The performance is, in some sense, what allows the film's central premise to function. If Mary were played as a conventional fantasy figure, the film would collapse into the kind of male-fantasy comedy whose surface premise it appears to occupy. Diaz's grounded register prevents this; the film operates simultaneously as gross-out comedy about Ted's obsession and as quieter character work about Mary's actual interior life. The dual operation is the film's specific craft achievement.

The structural complication around stalking

Subsequent critical reception of There's Something About Mary has, increasingly, focused on the film's structural treatment of stalking. The central plot premise — multiple men becoming obsessed with a single woman to the point of hiring private investigators, fabricating false identities, and travelling cross-country in pursuit — is, in plain description, a stalking scenario. The film frames this material as comedy.

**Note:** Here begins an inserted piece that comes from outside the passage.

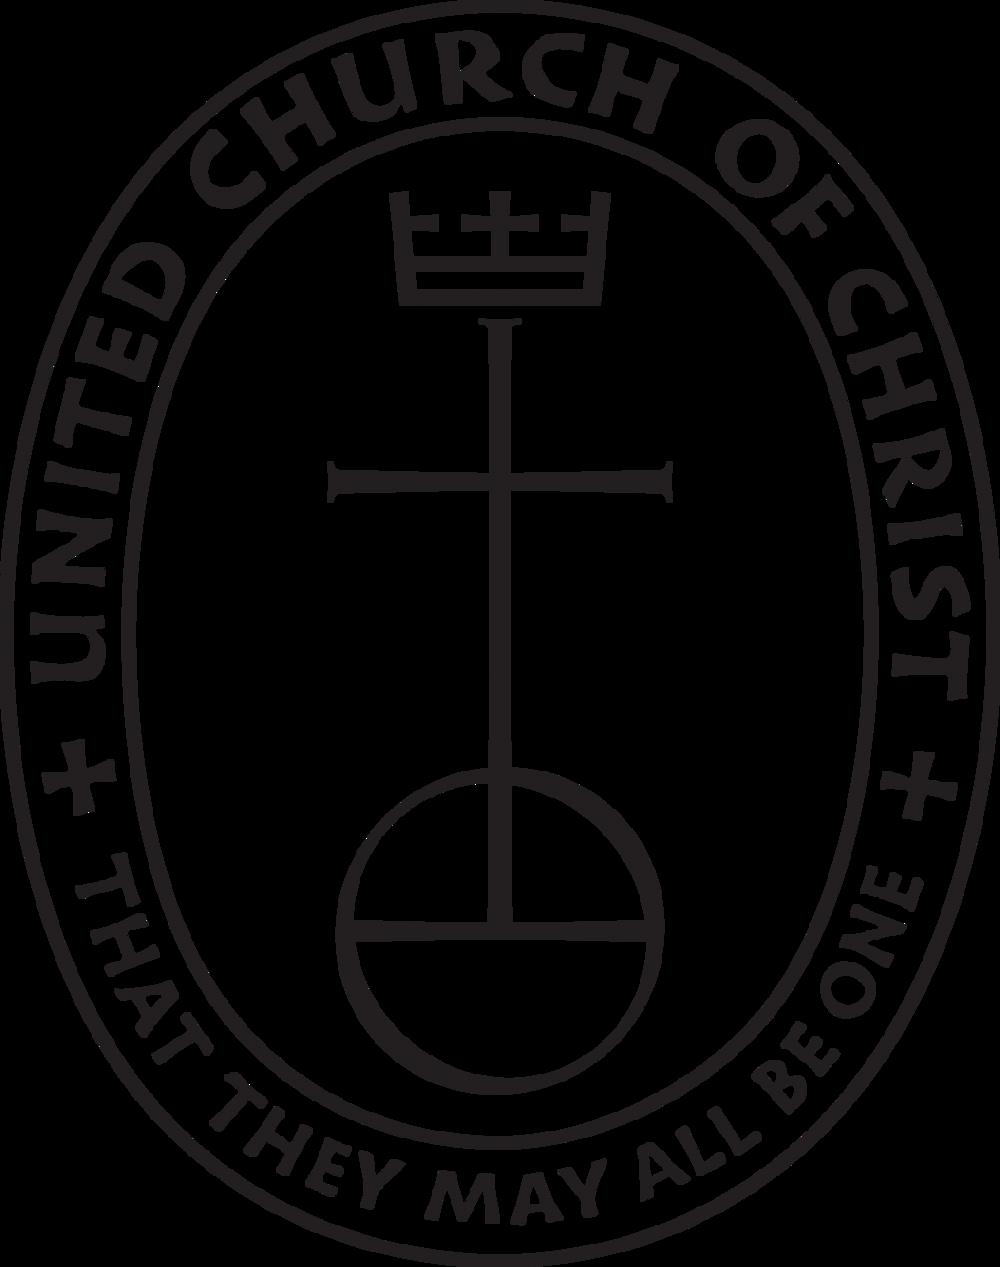 ucclogo (1).png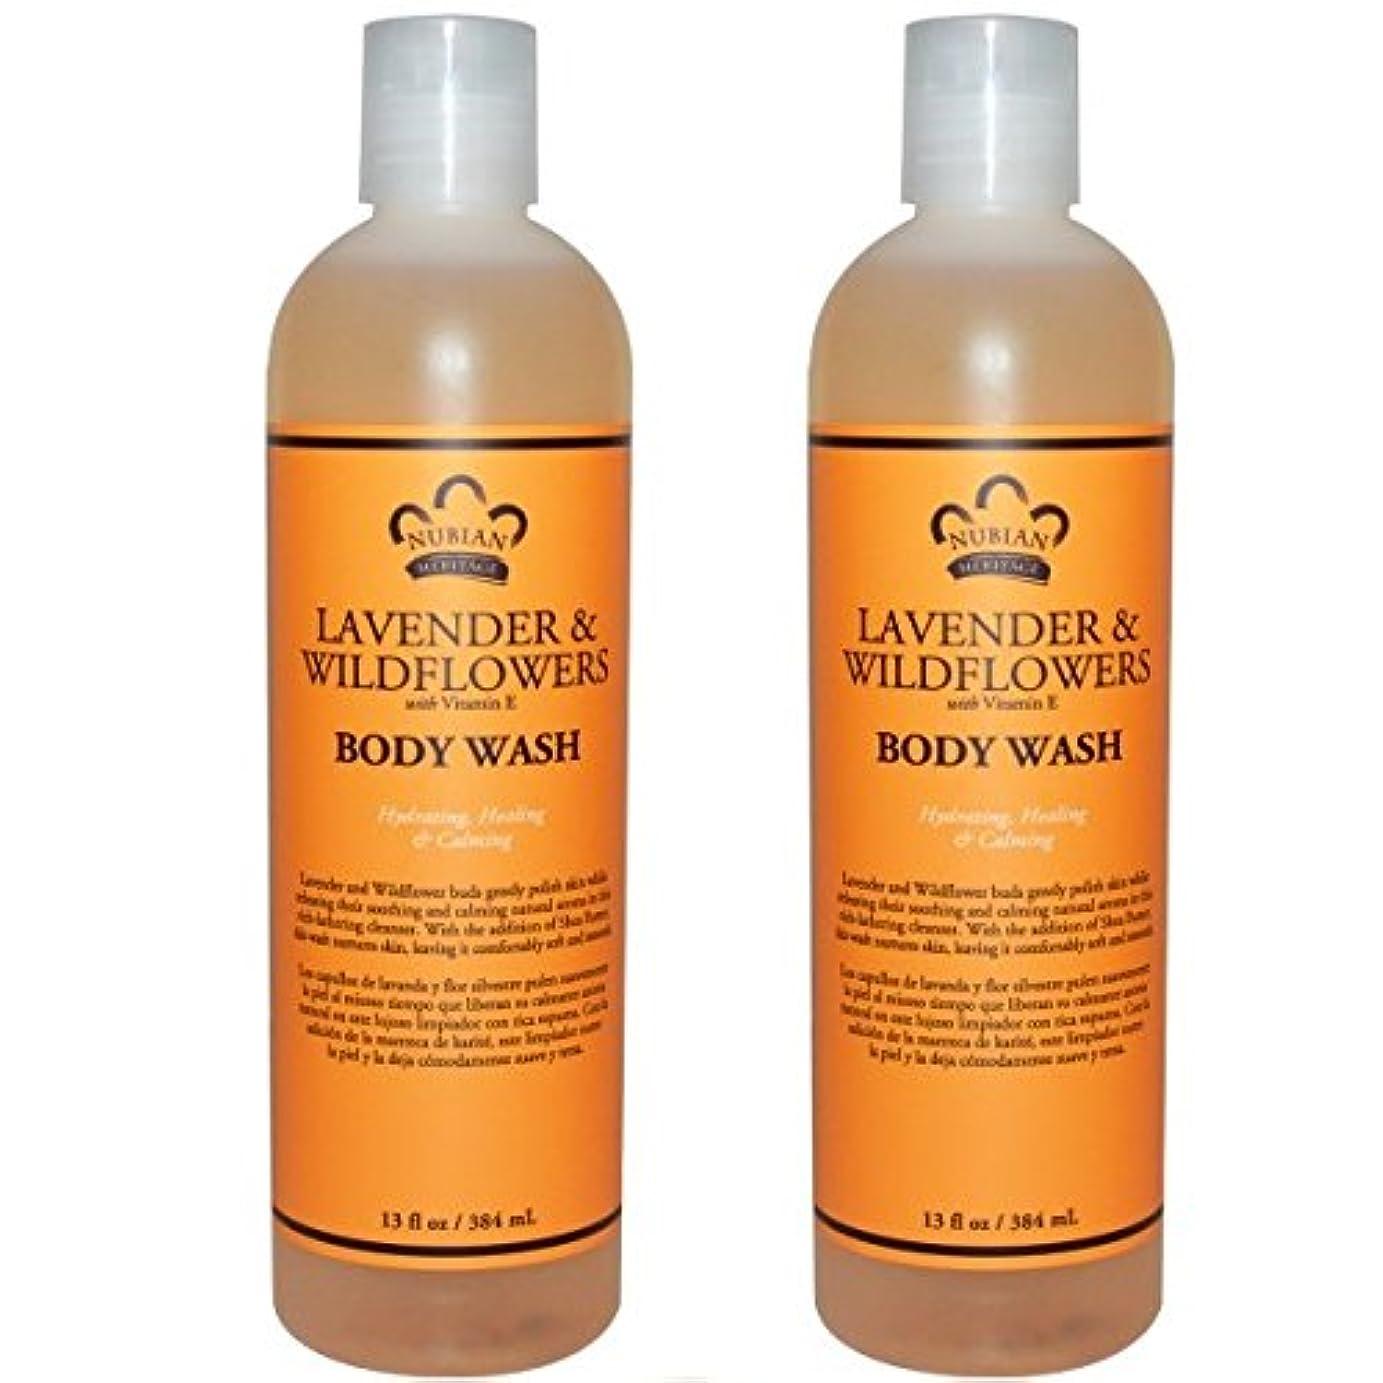 情緒的形ミケランジェロ【海外直送品】【2本】Nubian Heritage Body Wash Relaxing & Nourishing, Lavender & Wildflowers - 13 fl oz (384 ml)

The framing is, in 2026 retrospective viewing, more uncomfortable than the 1998 reception registered. The argument the film implicitly makes is that the obsessive male behaviour is, in some sense, ridiculous rather than threatening; the comedy is at the men's expense rather than at Mary's. The defenders of the film argue that this framing is structurally correct — that the comedy comes from the absurdity of the male obsession, which is treated as the moral problem the film identifies. The critics argue that 1998 comedic framing of stalking material has aged poorly, and that the film's structural assumption that the audience will read the male behaviour as benign-eccentric rather than as actually-threatening is no longer reliable. Both positions have textual support.

Why it's worth watching

  • It is, by structural commercial achievement, the foundational text of the late-1990s gross-out comedy wave.
  • Cameron Diaz's specific grounded performance.
  • Ben Stiller's Ted is among his career-defining roles.
  • The Jonathan Richman musical interludes are an unusual structural choice that pays off.

Principal cast

  • Cameron Diaz as Mary Jensen
  • Ben Stiller as Ted Stroehmann
  • Matt Dillon as Pat Healy
  • Lee Evans as Tucker / Norm Phipps
  • Chris Elliott as Dom Woganowski
  • W. Earl Brown as Warren Jensen

Did you know?

  • The Farrelly brothers' production company Conundrum Entertainment produced the film.
  • Jonathan Richman's musical interludes (the troubadour singing from various Rhode Island and Miami locations) became one of the film's most-distinctive structural devices.
  • The film was nominated for two Golden Globes (Best Musical/Comedy Picture, Cameron Diaz Best Actress); neither won.